月曜はまた、医師と二人でコーヒーを飲んだ。医師が隣人と共同で犬を飼っているらしいと、いらない知識がひとつ増える。どういうふうに共同? とたずねると、「散歩は彼が、餌代は私が」と医師が真面目な顔で言ったので、オーガストは大笑いした。医師は少し納得がいかない様子だった。
次の月曜。
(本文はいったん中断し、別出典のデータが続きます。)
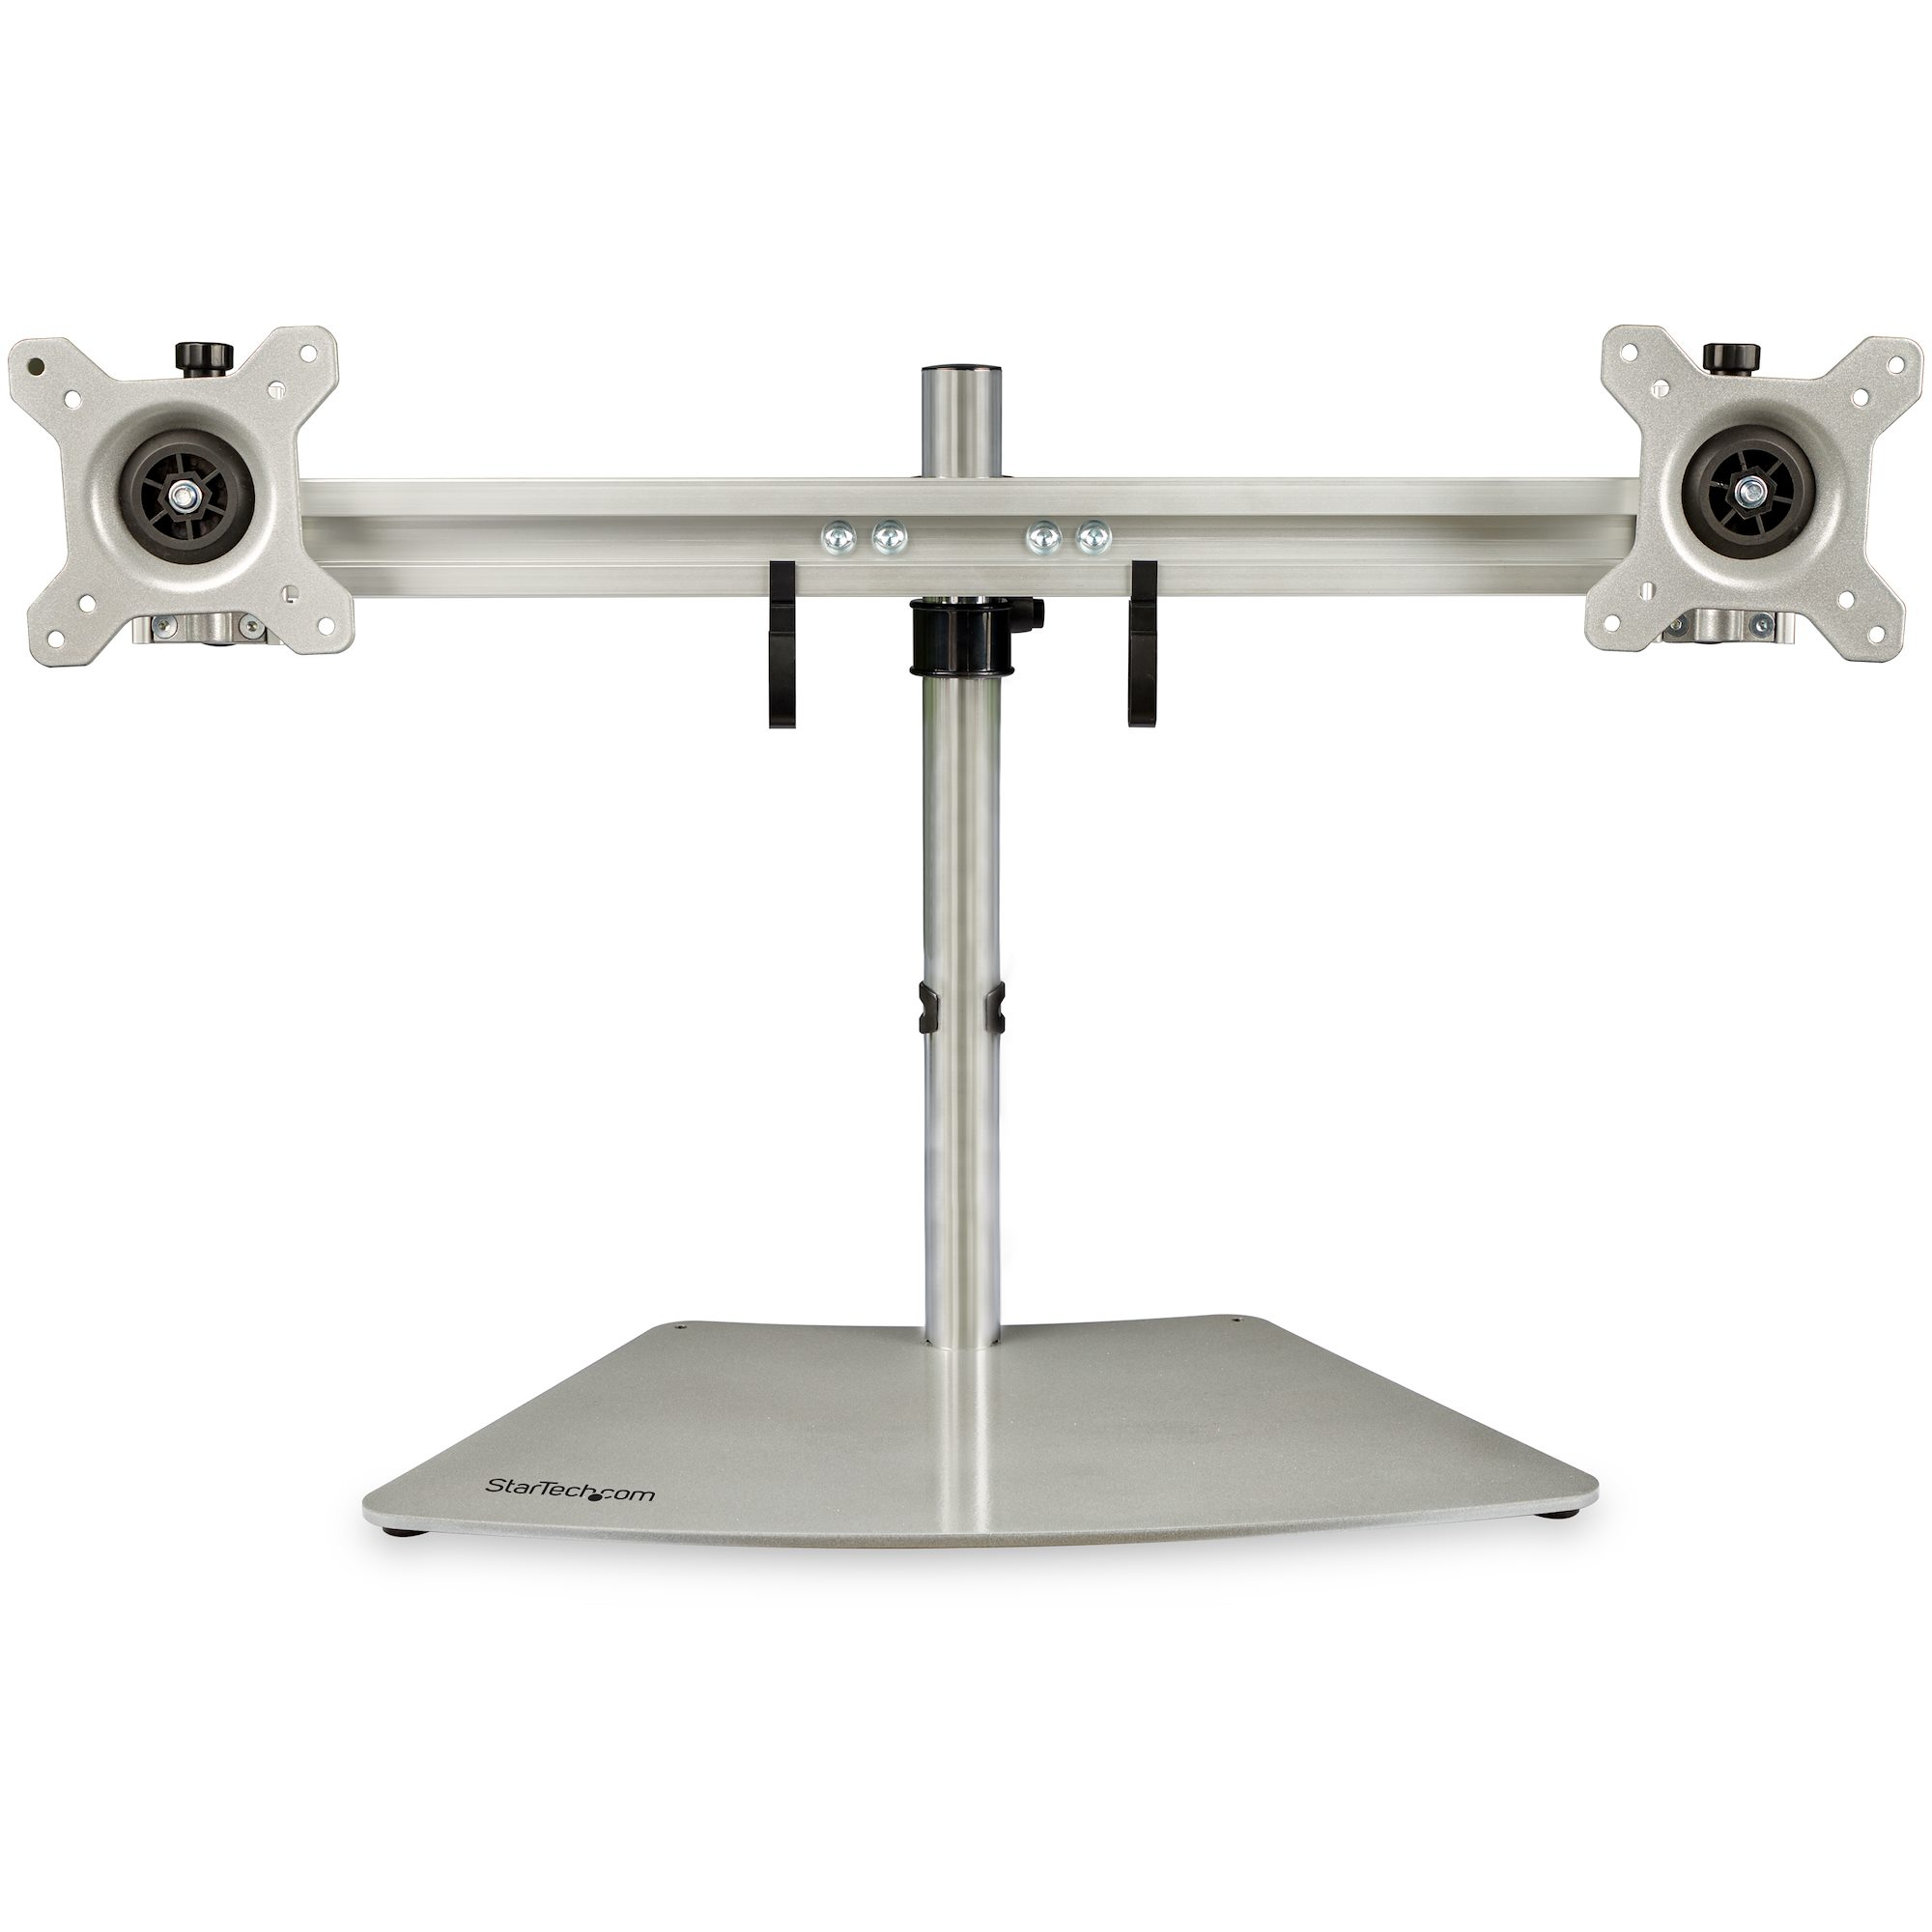 StarTech.com Doppelmonitorhalterung - Ergonomische, freistehende Doppelmonitor-Tischhalterung für zwei 24" Bildschirme(je 8kg) mit VESA-Montage - Synchronisierte Höhenverstellung - Silber (ARMDUOSS)

やっと身辺は静かになってきていた。
かわりばえのないコーヒーに飽きて紅茶を飲んでいると、手にした資料の束に影が落ちた。オーガストは顔を上げる。
青年が一人、チャコールグレイのロングジャケットに身を包んでそこに立っていた。オーガストはまばたきして、相手の顔を見た。同年代か、少し上。灰色の目と脱色したようなアッシュブロンドの取り合わせは人目を引く。薄い唇とどこかさだまらない視線の向きが、神経質で不健康な印象を与えた。
オーガストはコーヒールームの入り口に視線を投げる。医師がにこやかに手を振っていた。溜息をついて手を一つ振り返し、オーガストは青年を見上げる。
「場所をうつして話をしないか」
医師の立場を考えると、このまま病院内で二人で話をするのははばかられる。青年はオーガストの提案にぎくりとしたが、たじろいでから、うなずいた。取って喰いやしないぞと胸の中でつぶやいて、オーガストは立ち上がる。二人は黙ったまま病院を後にした。